◆ **Aim of the exercise**
For this exercise, an exact copy is needed of only the lines from the one containing "Cognitive_Computing-Dec15-event_Flyer.jpg" through the end of the data, with pictures left out.

◆ **Raw data**
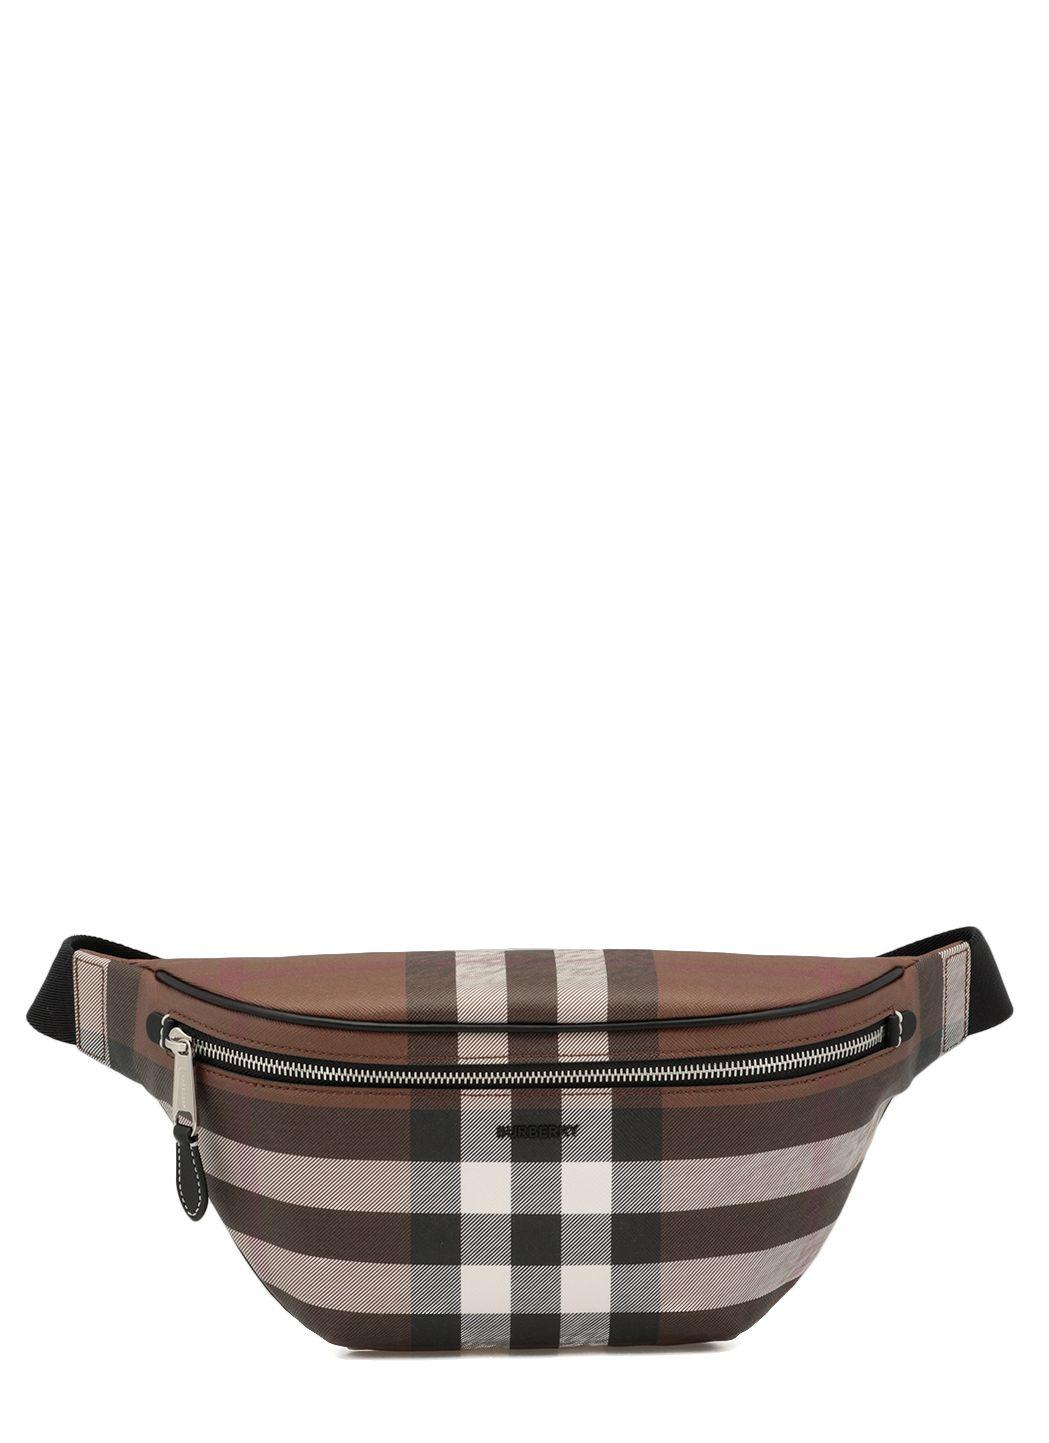 Cotton blend belt bag with tartan pattern
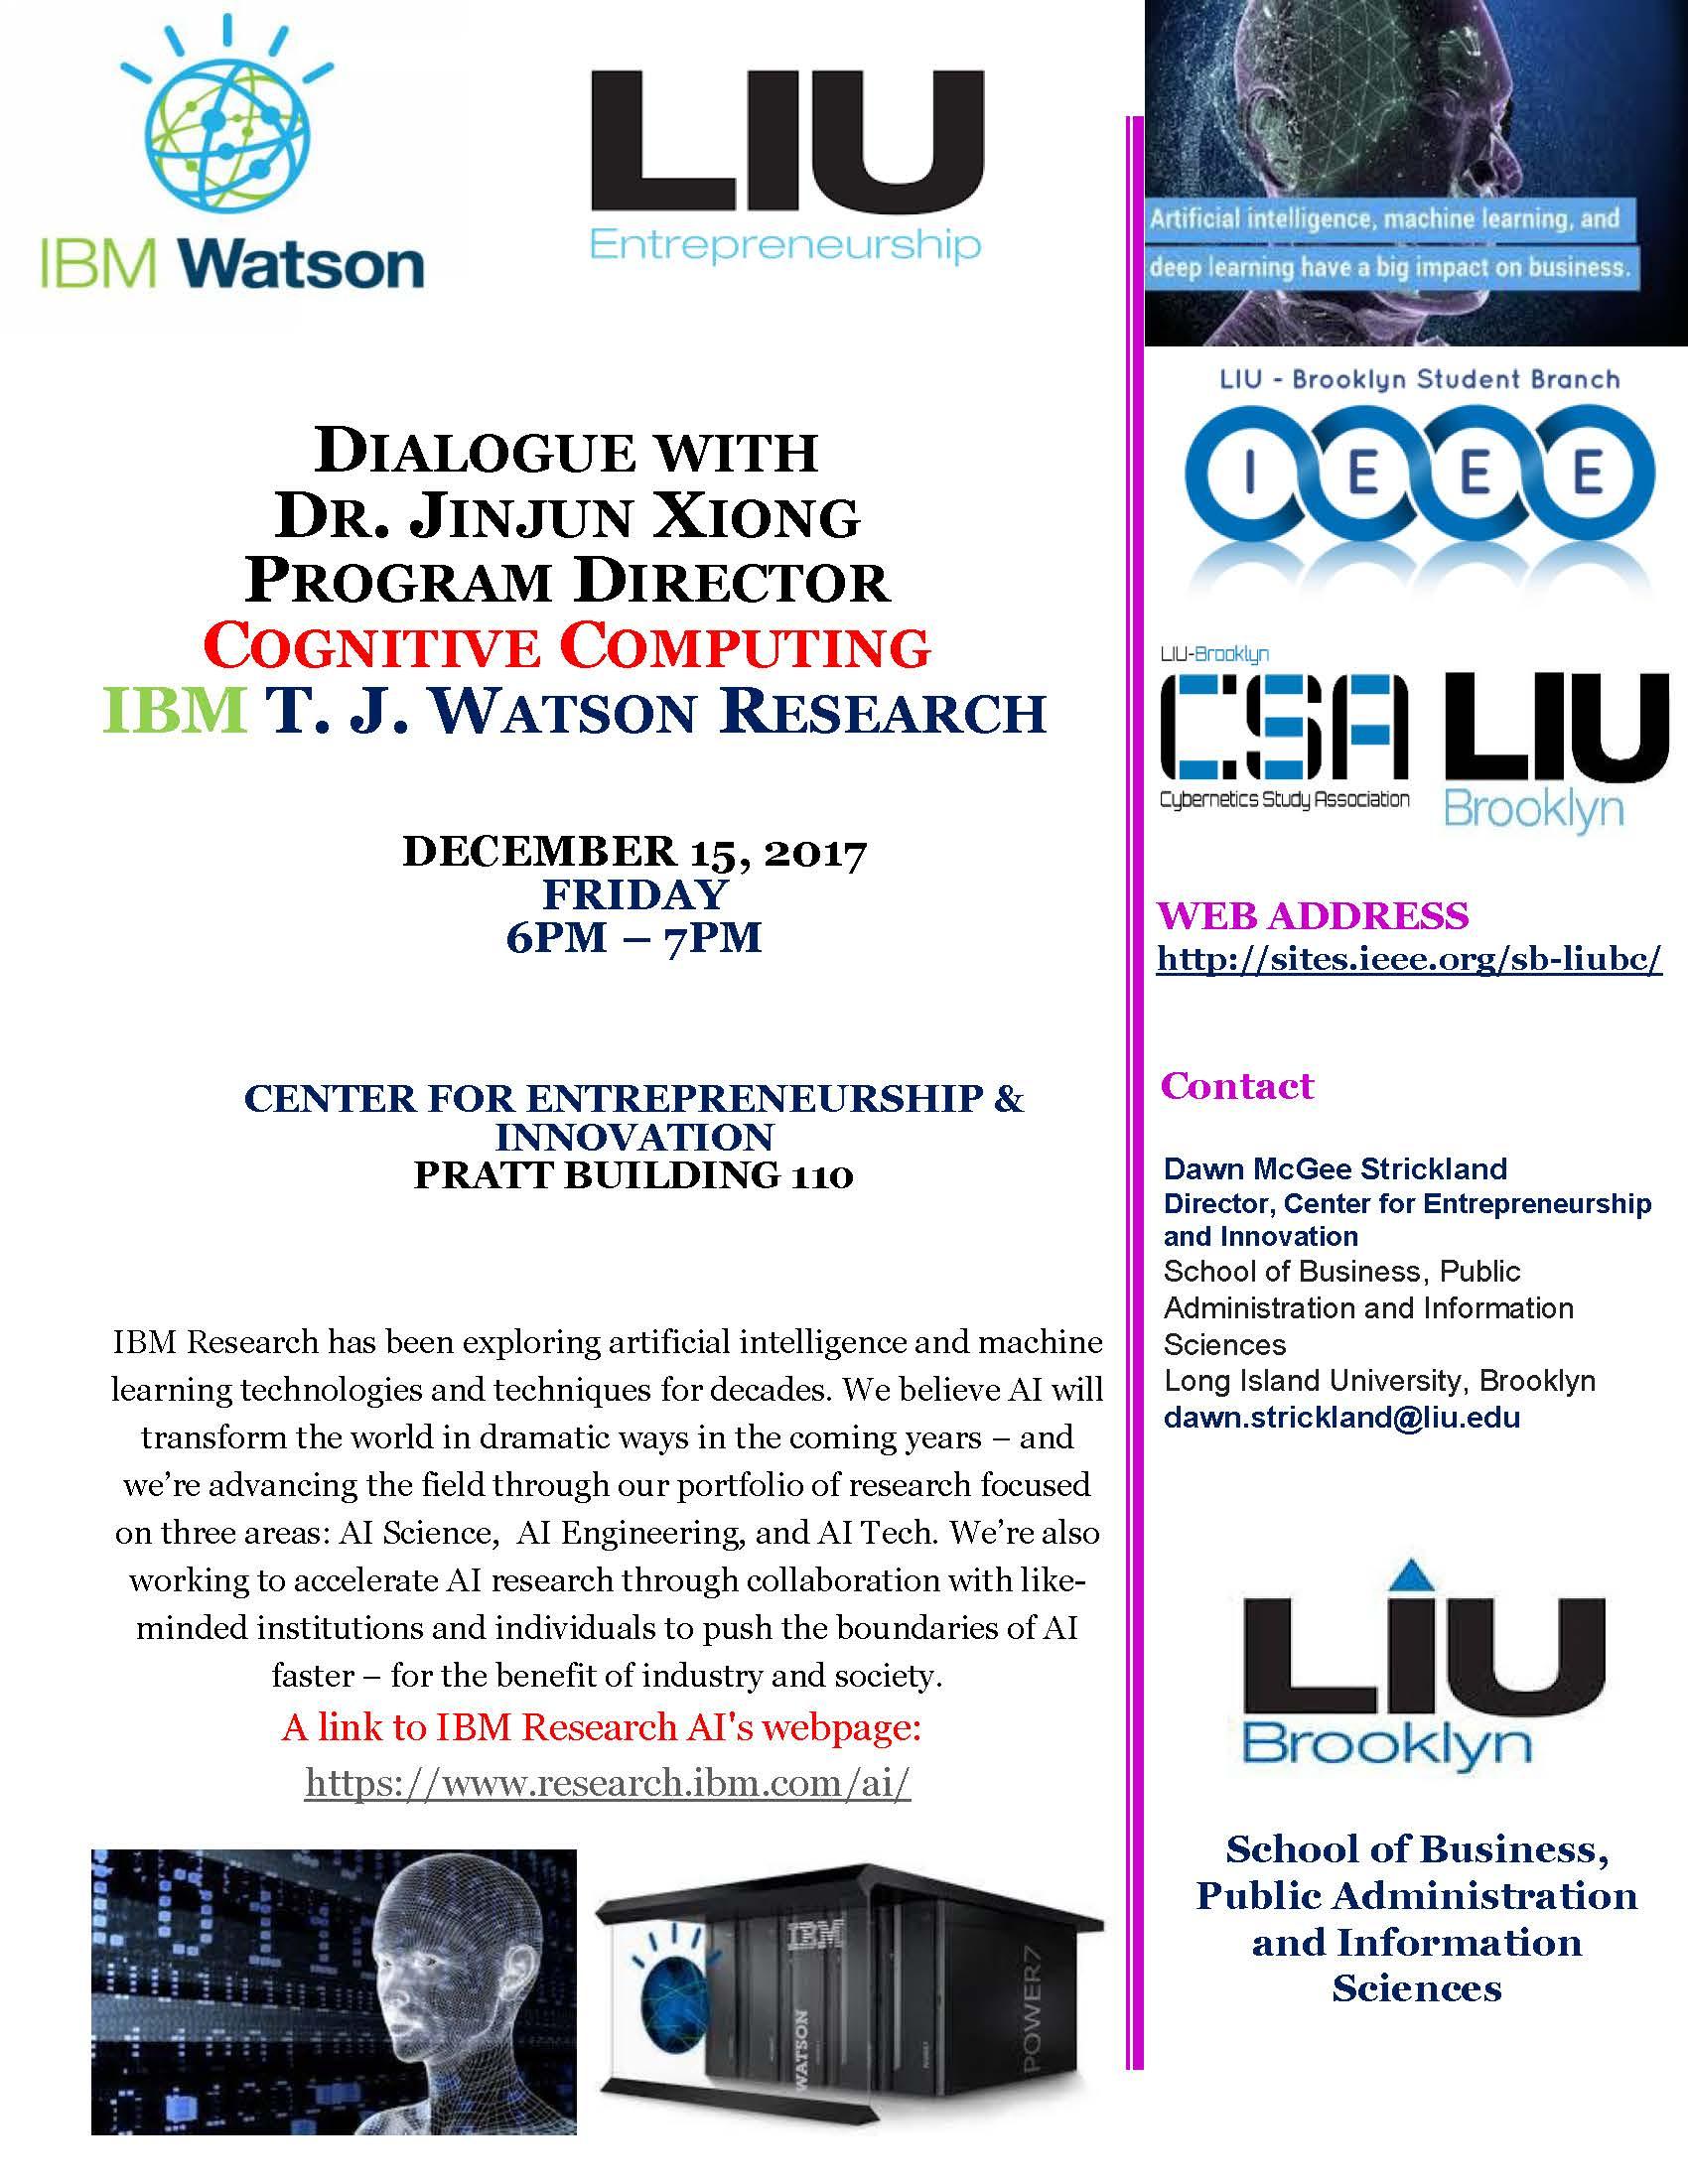 Cognitive_Computing-Dec15-event_Flyer.jpg
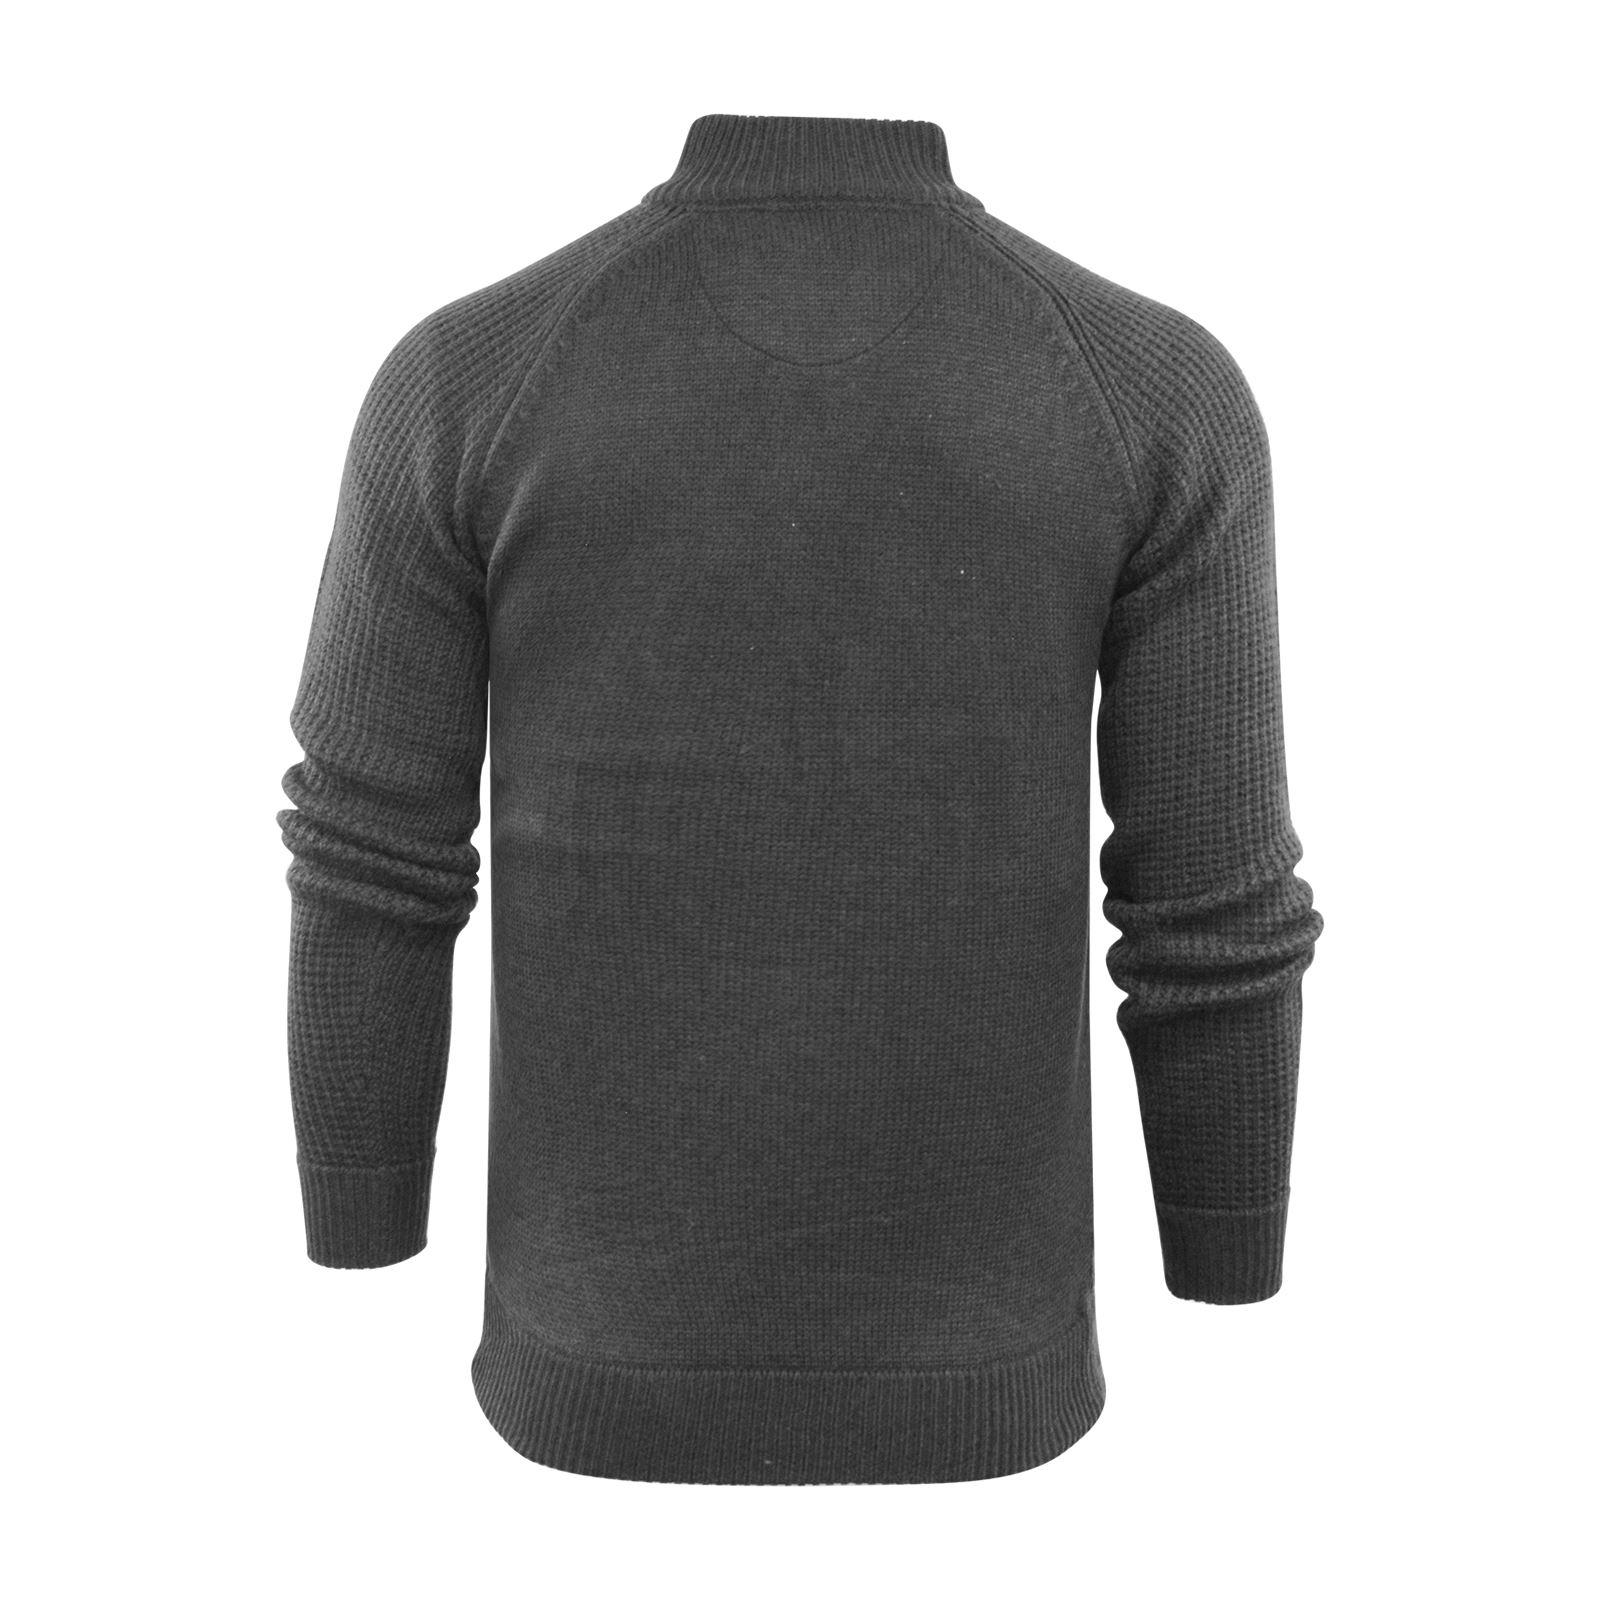 Brave-Soul-Mizrahi-Mens-Jumper-2-Button-Funnel-Neck-Sweater thumbnail 5
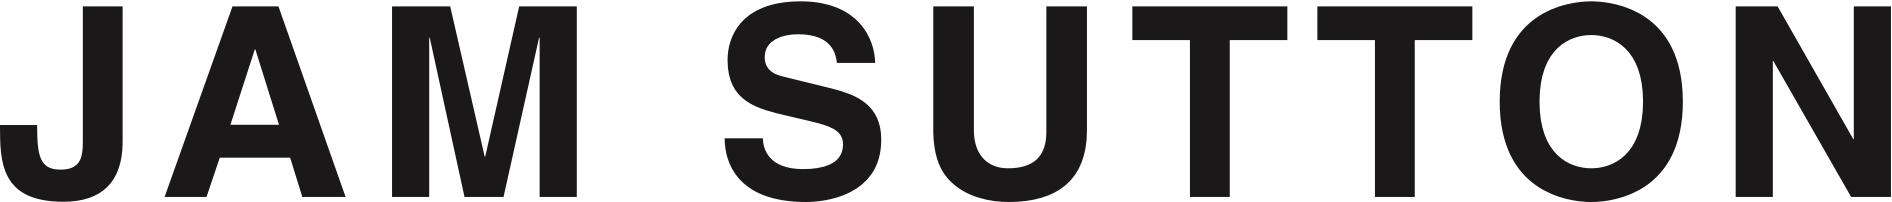 Jam Sutton logo

◆ **Response to the exercise**
 Cognitive_Computing-Dec15-event_Flyer.jpg
 Brave-Soul-Mizrahi-Mens-Jumper-2-Button-Funnel-Neck-Sweater thumbnail 5
 Jam Sutton logo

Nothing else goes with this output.